THE PROBLEM
Would you please print exactly the lines that run from the one with "BU00143-00...BHUTAN - Trekkers" to the last line of the data, both included, without any pictures?

RAW DATA
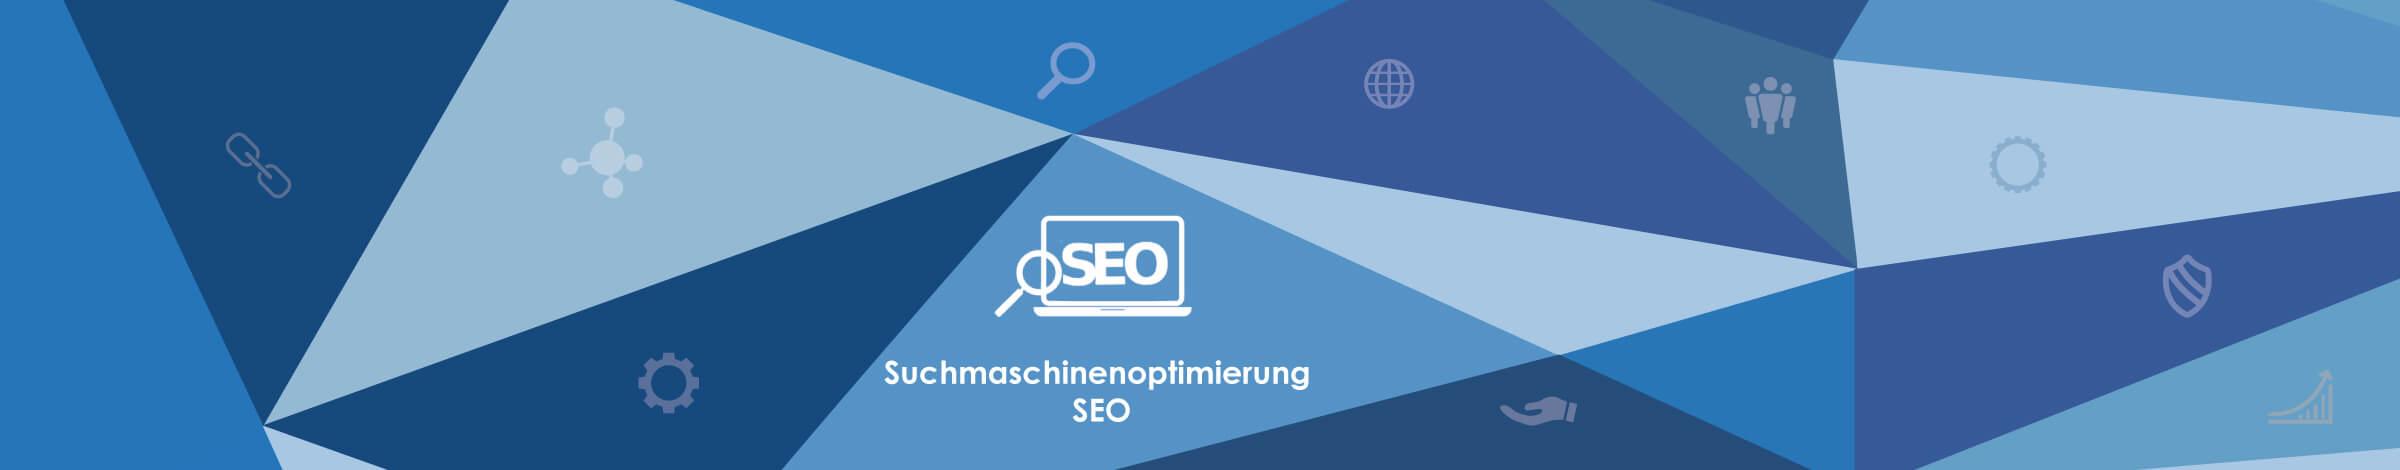 web_updates_kmu_wuk-ch_Suchmaschinenoptimierung_SEO
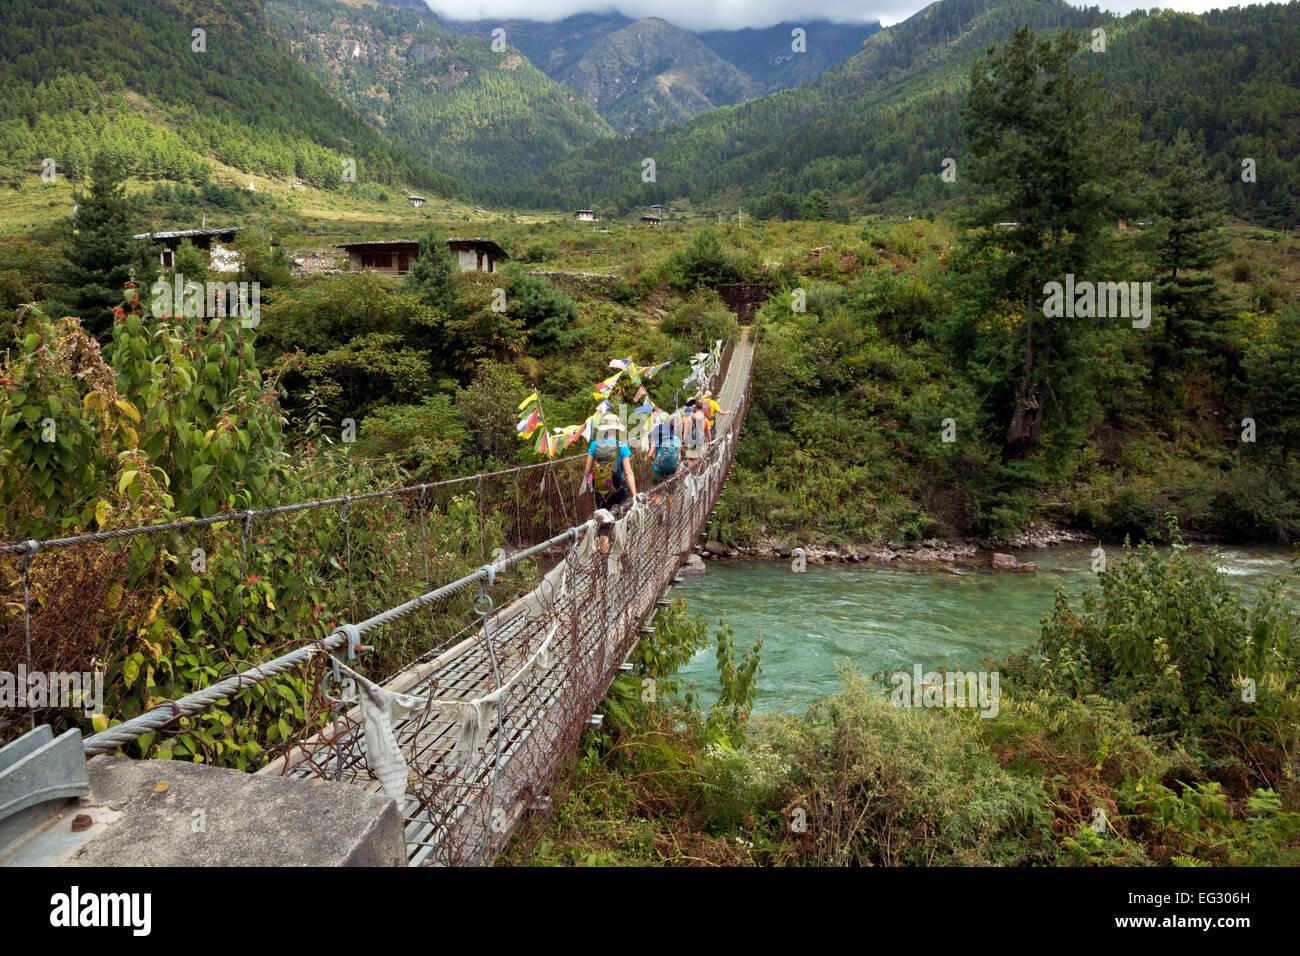 BU00143-00...BHUTAN - Trekkers crossing the Paro Chhu (river) on the first day of walking on the Jhomolhari 2 Trek. - Stock Image
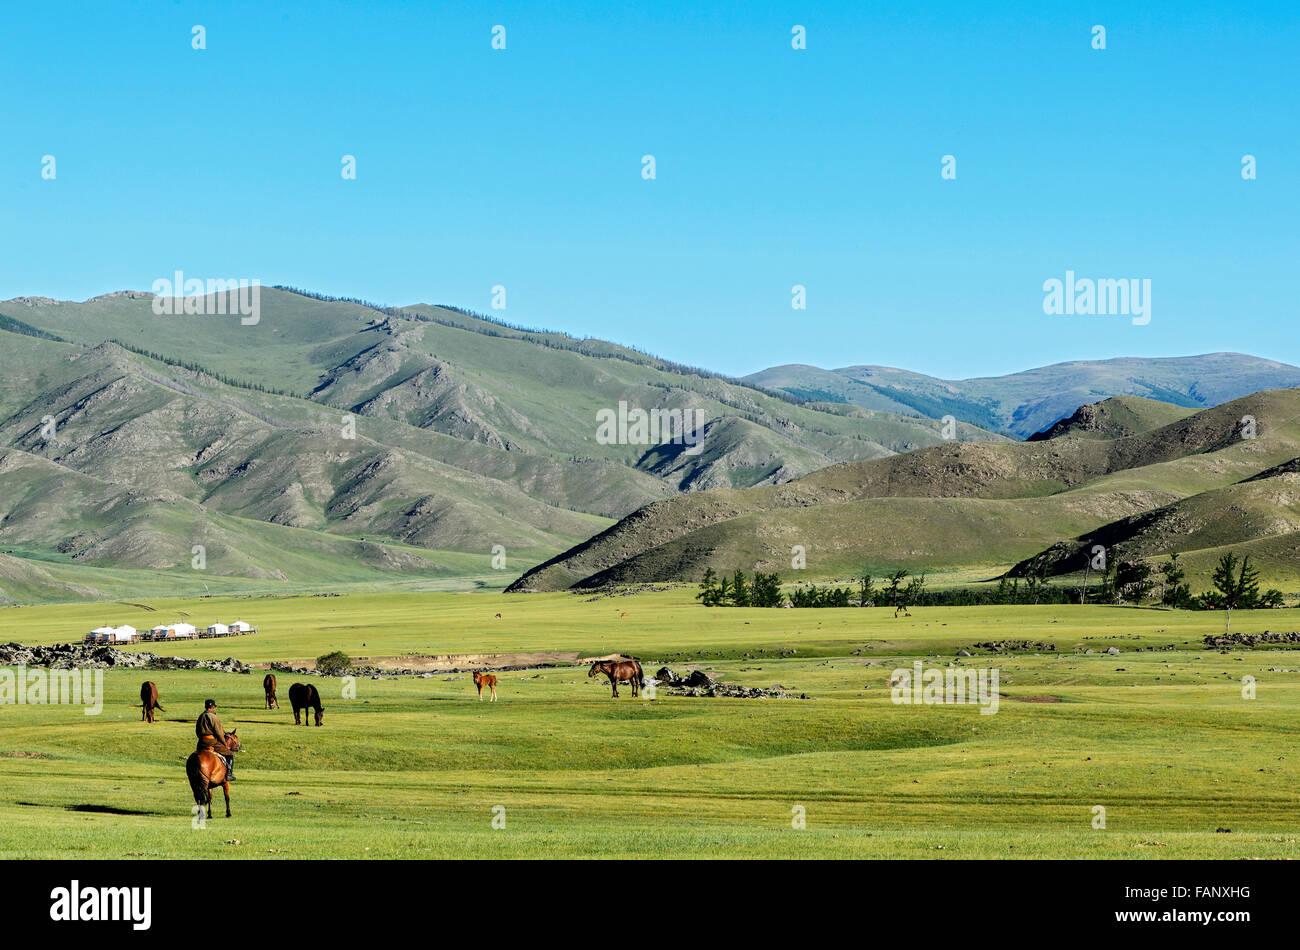 Nomadi nel paesaggio arido nella valle dell'Orkhon, Khangai Nuruu National Park, Övörkhangai Aimag, Immagini Stock
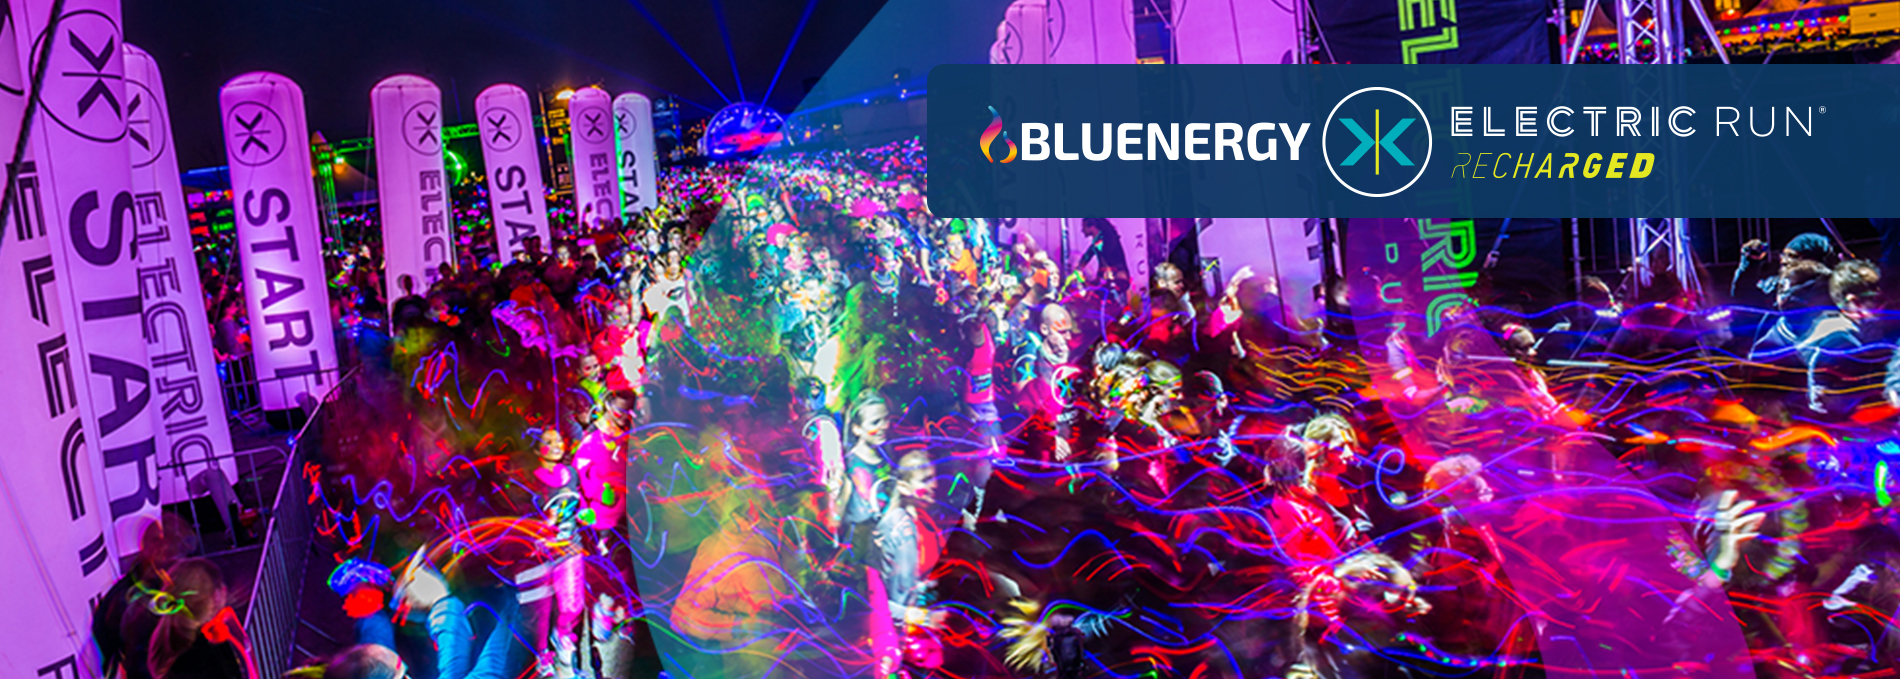 Bluenergy Electric Run

ANSWER BOX
 BU00143-00...BHUTAN - Trekkers crossing the Paro Chhu (river) on the first day of walking on the Jhomolhari 2 Trek. - Stock Image
 Nomadi nel paesaggio arido nella valle dell'Orkhon, Khangai Nuruu National Park, Övörkhangai Aimag, Immagini Stock
 Bluenergy Electric Run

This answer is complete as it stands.